The next point urged by the learned Counsel for the appellant is that no part of the money — not even a single rupee has come out of public revenues as there is nothing on record to show that such contribution has been made by the State Government or its agencies. The learned Counsel for the respondent meets this point by referring to the Division Bench decision of this Court in Rajendrababu v. State of Karnataka. The Division Bench, after having referred to the State amendment brought about by Act 10 of 1968 by which the second proviso to Section 6(1) was omitted, observed that — “the effect of amendment to Section 6 of the Central Act by the Amendment Act is that the Stale Act expressly omitted the compensation to be paid wholly or partly out of public revenue or other agencies controlled or managed by the legal authority. Thus reading the above provisions, it is clear that there can be acquisition of land for a company also. There need not be any contribution from the public revenue. All that is required is that the purpose shall be a public purpose”.

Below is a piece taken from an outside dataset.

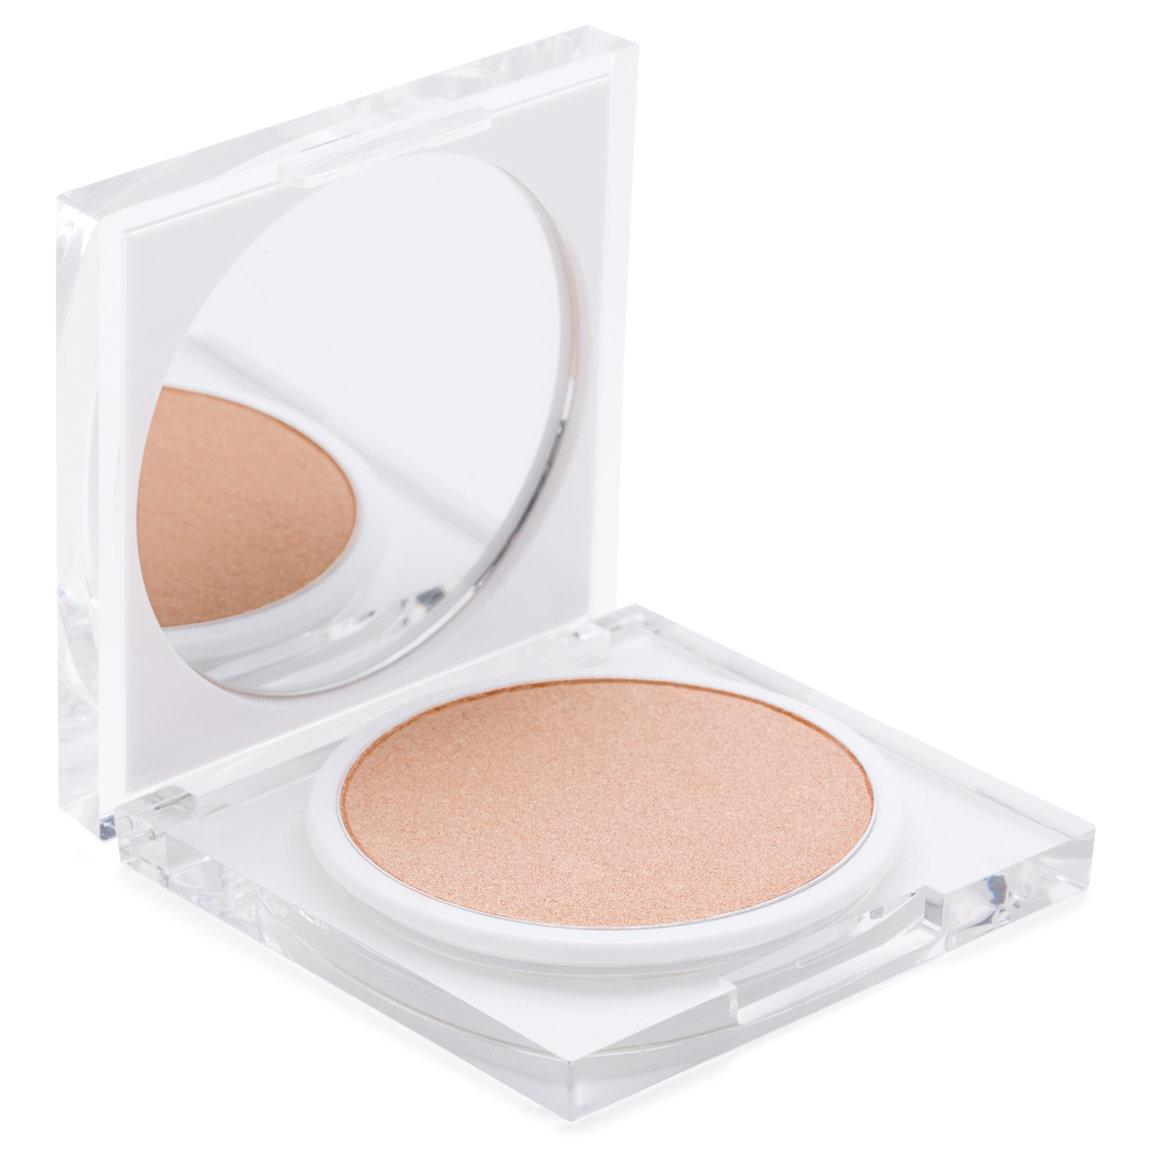 rms beauty Luminizing Powder Grande Dame

It is not necessary for us to dilate further on this aspect for the reason that this contention has not been raised in the writ petition or in the memorandum of writ appeal and it being partly a question of fact, it is not proper to consider this question for the first time in these writ appeals.
7. In the result, the order of the learned Single Judge is set aside and the writ appeals are allowed. We make no order as to costs.